At closing this little hobbit-sized fellow, a bandana tied round his shaved head in the fashion of a 50s housewife, came up the stairs collecting empty bottles. He instantly singled out the DBA as a gullible tourist, suggestible tourist, fellow miscreant, I don’t know, but made a bee-line for him and launched into a fervent and animated story about a shootout that afternoon over drugs and money during which he was wounded (he pointed at his arm  – there was nothing to be seen). As soon as he was done with all the gangster talk, the little chap walked over to the stairs, mounted the banister, and slid down, grinning inanely, like some insane Mary Poppins, the bow upon his tiny gangster head completing the look. Jane and I cracked up.

It transpired that the guy was fresh out of jail on Roatan, the neighbouring island, and was working off a 62 Lempira ($3ish) debt to the manager by tidying up the bottles. The true extent of his crazed nature was revealed as we tried to leave, when he began, with the fervency of the guns ‘n’ money story, proffering sex with 14 year-old girls to the DBA and our newfound miscreant, Justin. At some point during the incessant flow of filth, Mary Poppins mentioned his ‘two apartments’, with satellite TV, that all of us would fit into – for only $500! (It was unclear whether this included the underage hookers or not). “But I have my own apartment, with a TV and everything, why would I want to go to yours?” I could no longer hold it together and turned away in a fit of laughter.

Somebody brought up the need for rum. “We can go to La Pirata”, Mary Poppins chimes in, “and get rum, and then we can all go on my ‘mopeds’ to my ‘apartments’”. There was not one moped in sight, certainly not a fleet of them. Justin also burst into laughter. We turned and faced the wall together.

At the mention of La Pirata, a heinous bar filled with flashy lights and crackheads but the only one open that late on a Tuesday, Mary Poppins embarked on a new tact: “Come to La Pirata, there will be 13 year-olds dancing on the pole, like this” – he requests that somebody hold his hand so he can demonstrate. Jane joins the cracking-up now too; we’re all hysterical except for the DBA, who has had a look of dumbstruck terror on his face the entire time.

Since no-one would hold his hand, Mary Poppins proceeded to launch himself onto a nearby wooden post and execute a move which he called ‘the sledgehammer’, complete with sexy sound effects.
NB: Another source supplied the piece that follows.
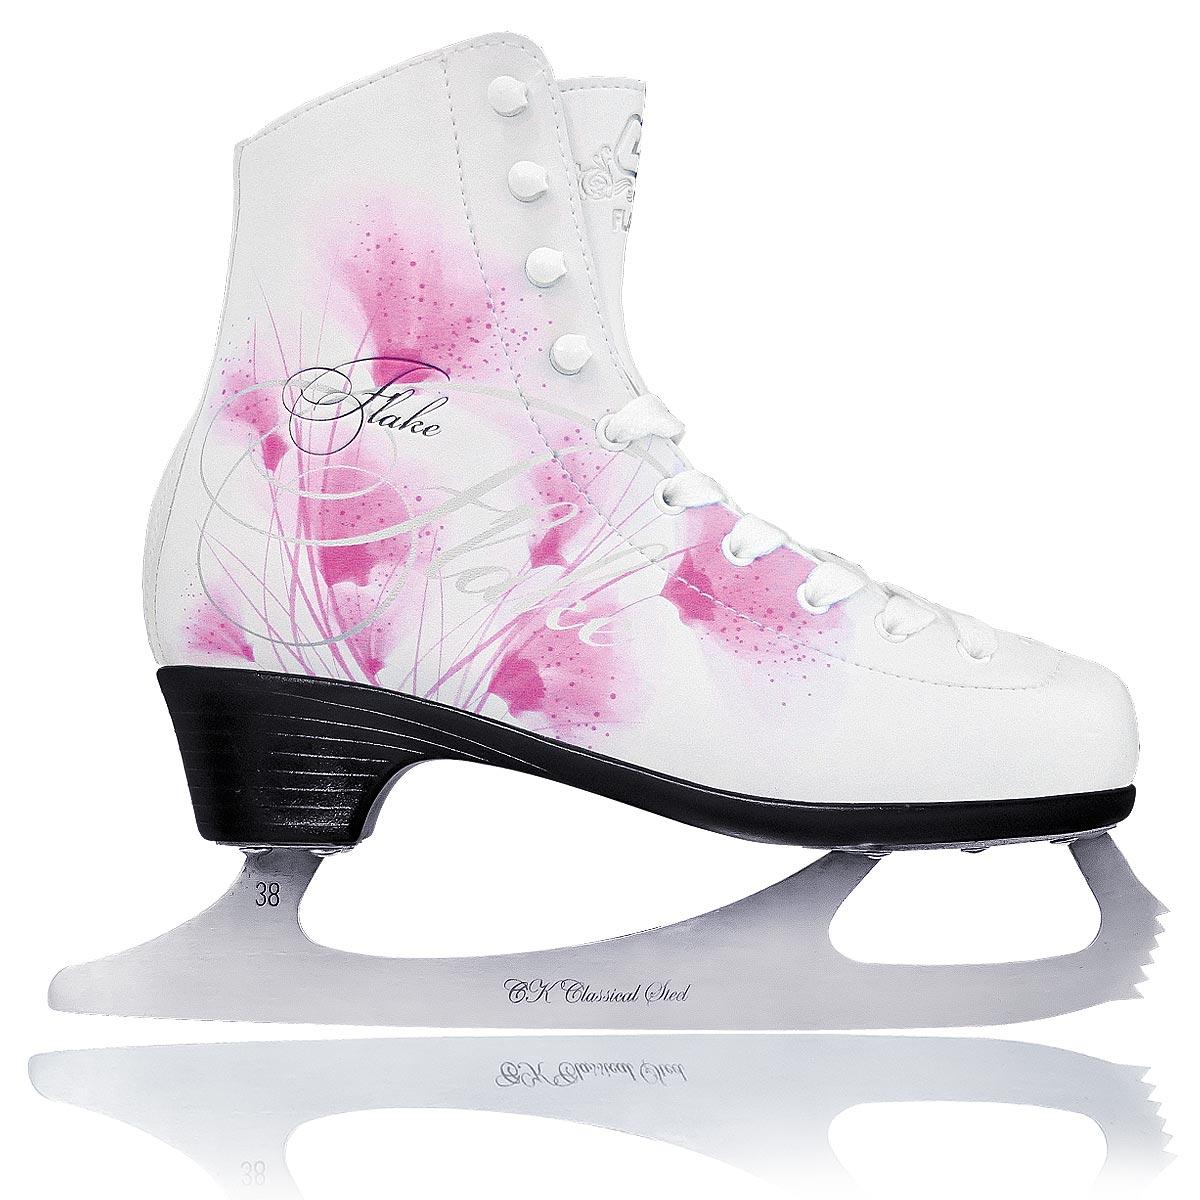 Коньки фигурные для девочки CK Flake Leather, цвет: белый, фуксия. Размер 36

Good gracious.

It had been a good quarter-of-an-hour now that we had failed to escape the insane Mary Poppins, and I was fearful of him following us home. I realised the only means of shedding him was to follow him to Pirata – and then flee! We needed rum anyway…
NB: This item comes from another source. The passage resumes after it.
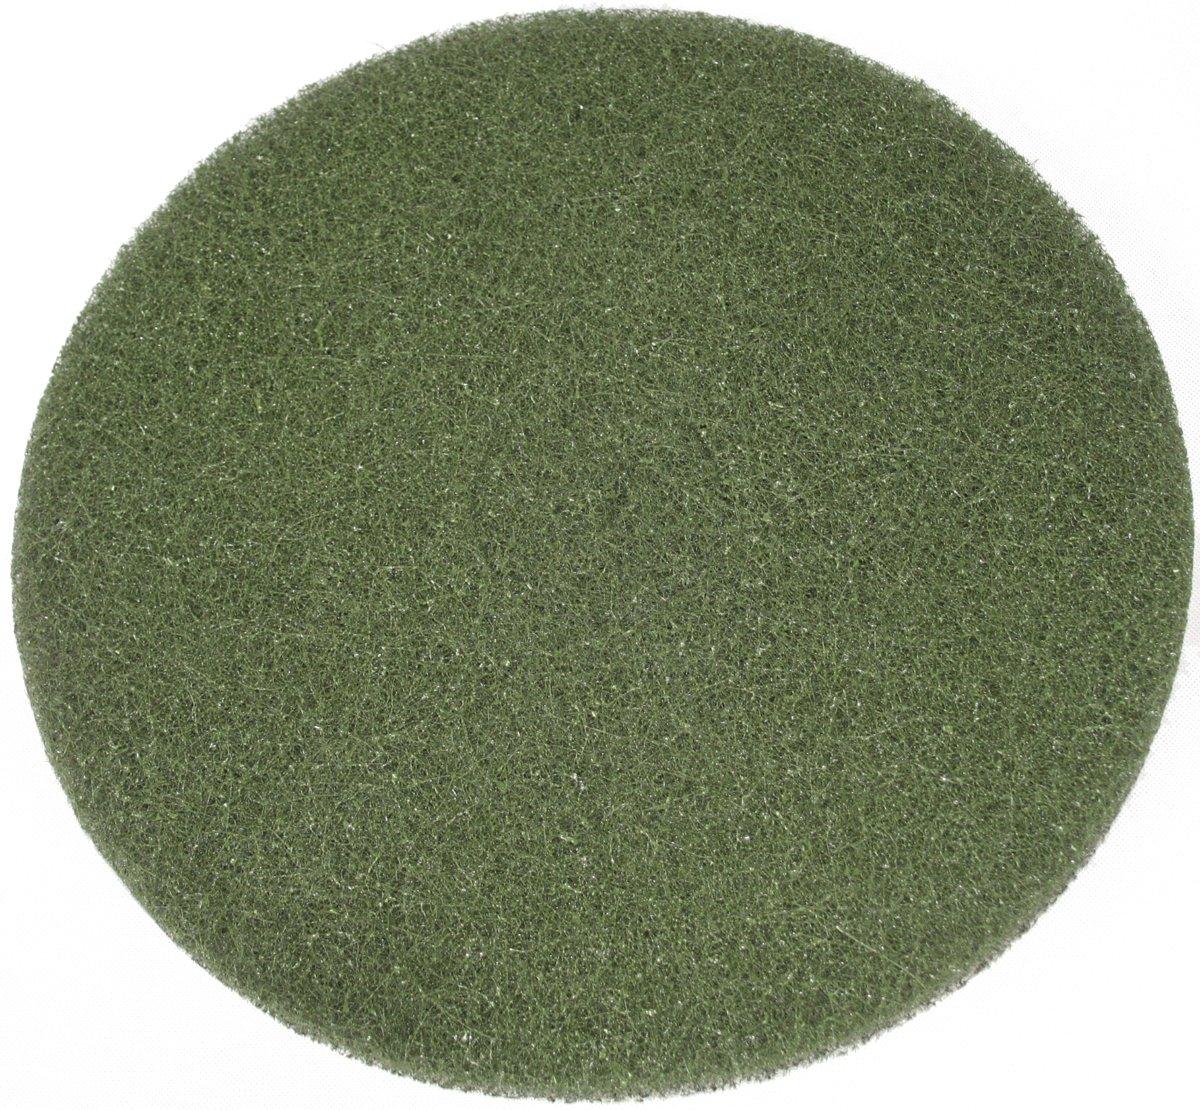 Diamantpads 42.5 cm, 2 cm, 17 inch groen kopen

As we walked along the road, Mary bounding about the place beating up rubbish bins and the like, I began to wonder if in fact he knew exactly what he was doing – if it was every bit his intention to emulate Poppins, with his head scarf and his banister-sliding, and the joke was in fact on us

The only other occasion Jane and I had entered La Pirata was the night we unwittingly consumed space-cake – not an enjoyable experience. Now we were about to enter, with incredible reluctance, under mushroom influence. At least this time we had our sense of humour to get us through.

It was every bit as horrific as we had feared – unnecessarily flashing lights, teeth-grindingly bad music, Tony Red-Hat malingering in a corner (the crackhead who the previous week had threatened to beat all our heads in with a lead pipe). Much to our surprise, the minute Mary Poppins had seen us inside he pointed out his friend who was going to ‘look after’ us and take us to a house party, and promptly left! Job done! When it became apparent that the bar weren’t going to sell us rum for anything short of extortion, we could at last make good our getaway, and in a true Monty Python style dashed for the spiral staircase and fled, crying “Escape! Escape! Run away! Run away!” as we went.